◆ **INPUT DATA**

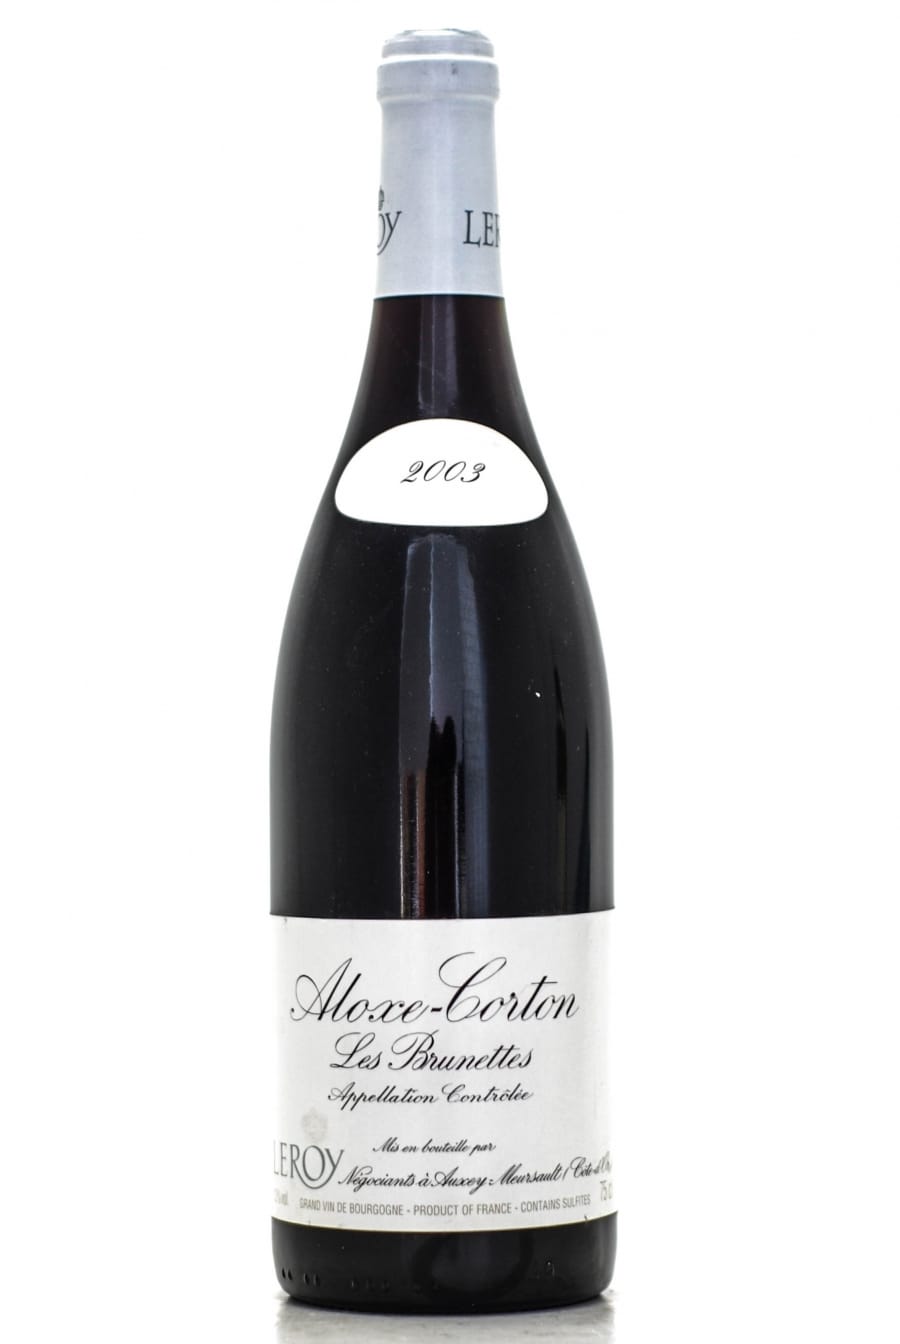 Aloxe Corton Les Brunettes 2003 - Maison Leroy | Buy Online | Best of Wines
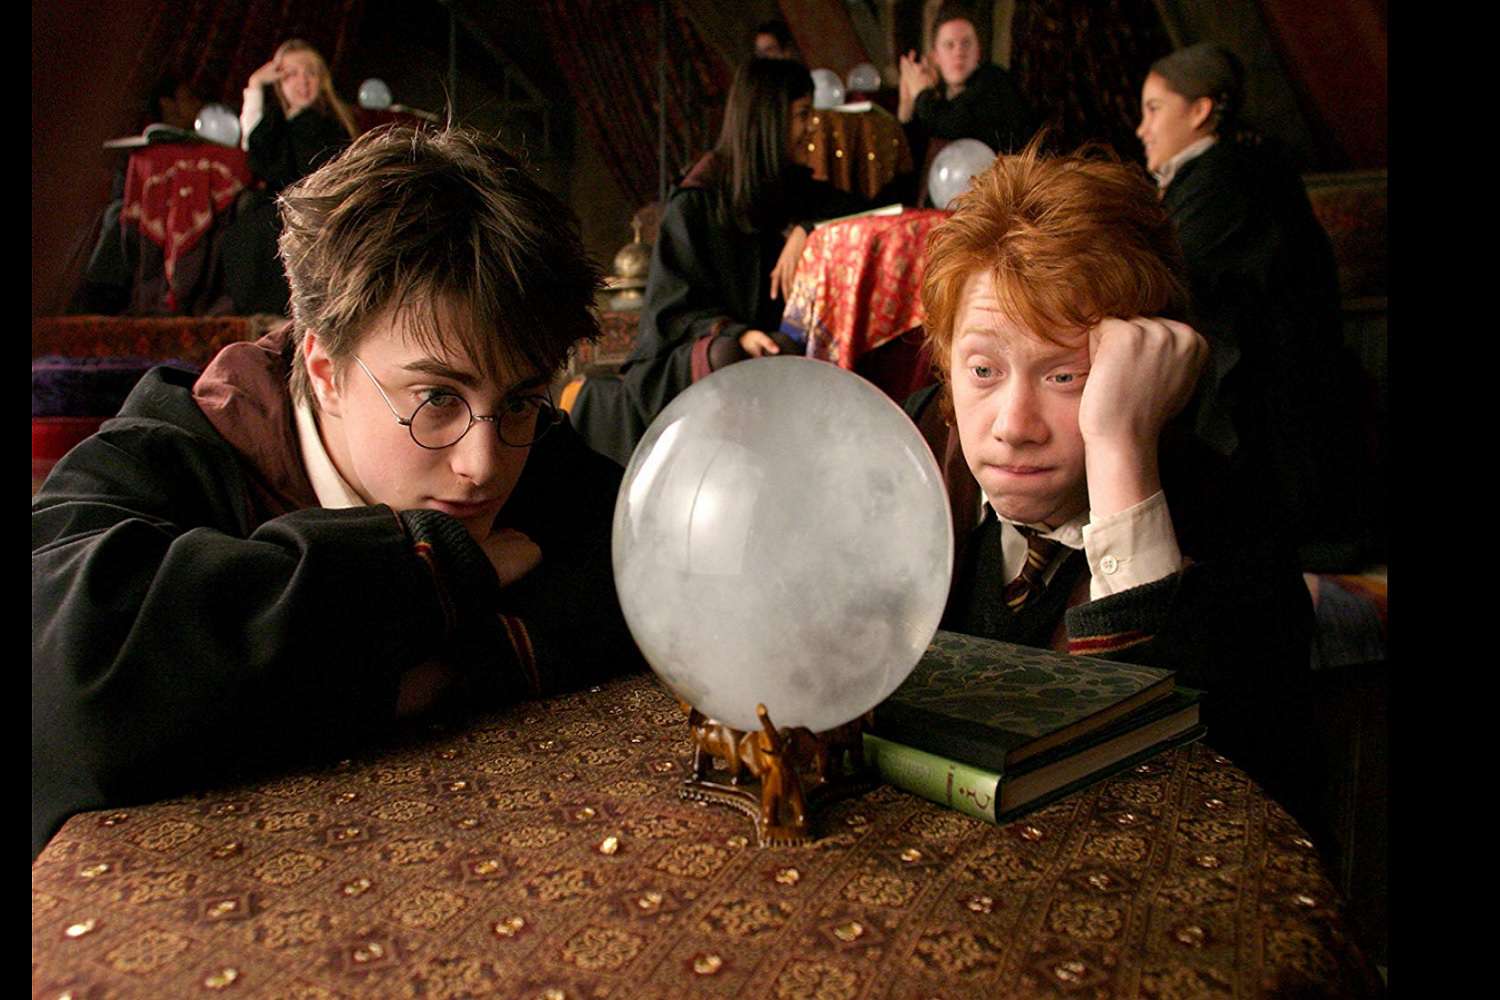 Screenshot scény z filmu Harry Potter a vězeň z Azkabanu.  Postavy, Harry Potter a Ron Weasley, hledí na křišťálovou kouli.
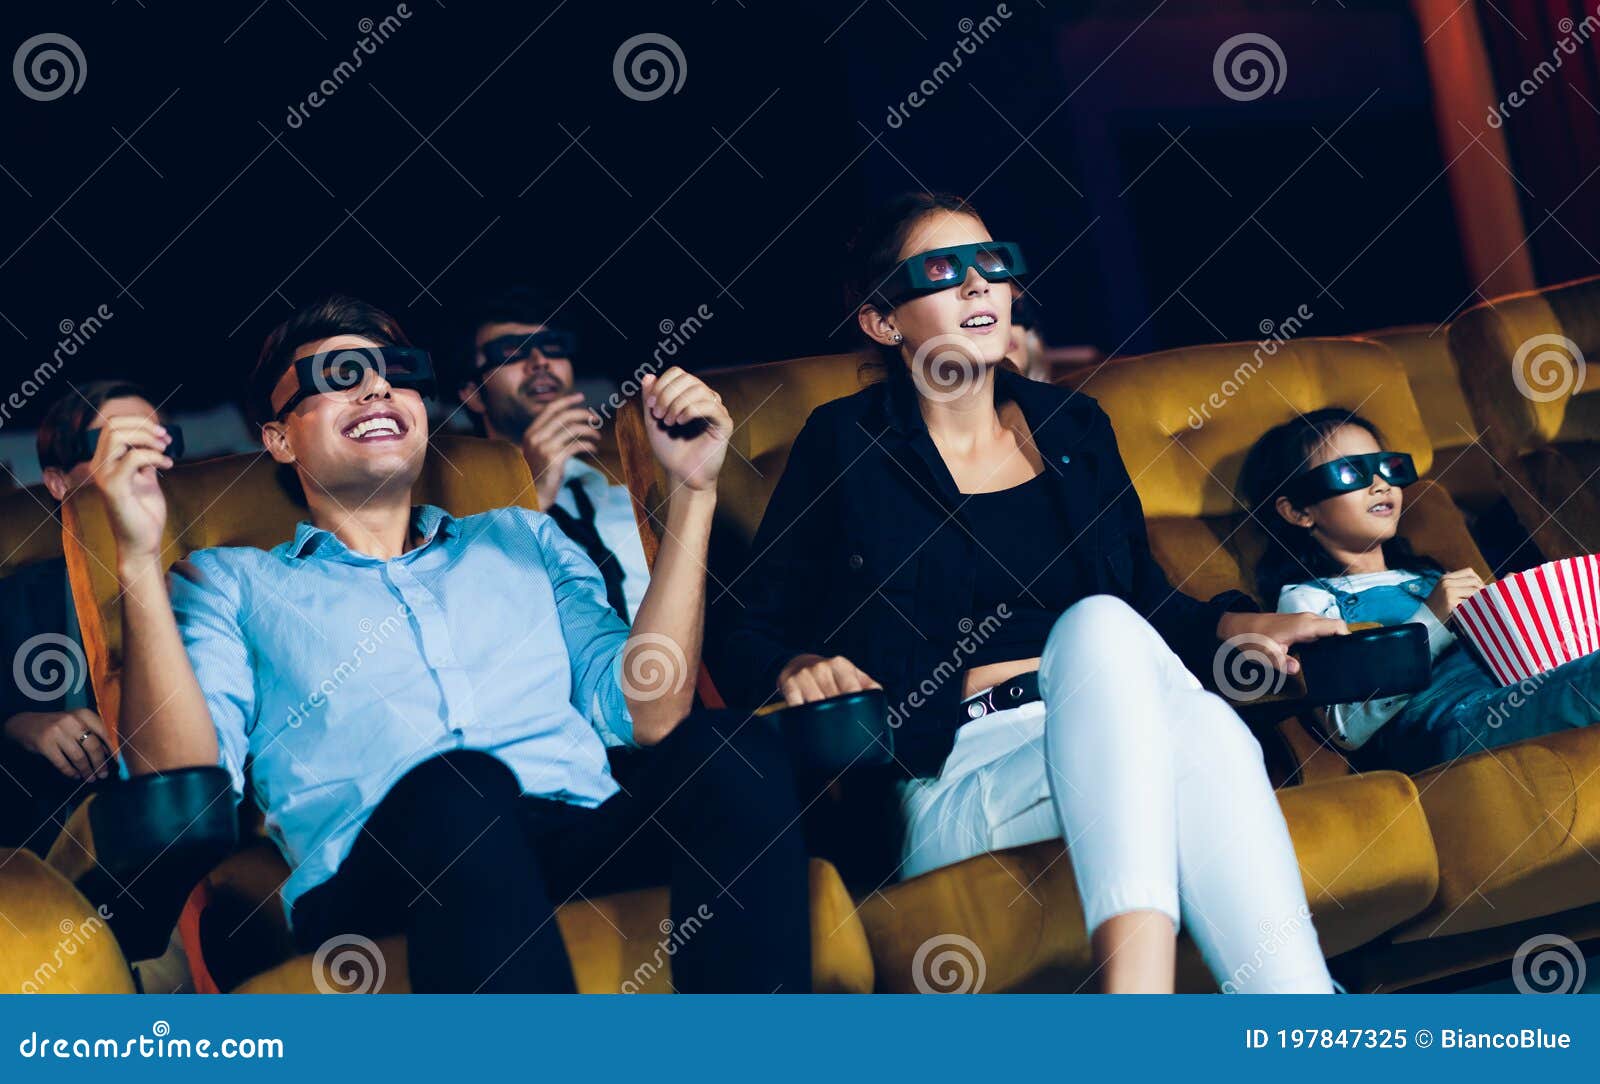 Смотреть фильм в 3d группы людей в театре кино Стоковое Изображение - изображение насчитывающей место, ощупывание: 197847325

◆ **TASK BRIEF**
Copy out the material exactly as it stands, though no picture should appear in the copy.

◆ **TASK ANSWER**
 Aloxe Corton Les Brunettes 2003 - Maison Leroy | Buy Online | Best of Wines
 Screenshot scény z filmu Harry Potter a vězeň z Azkabanu.  Postavy, Harry Potter a Ron Weasley, hledí na křišťálovou kouli.
 Смотреть фильм в 3d группы людей в театре кино Стоковое Изображение - изображение насчитывающей место, ощупывание: 197847325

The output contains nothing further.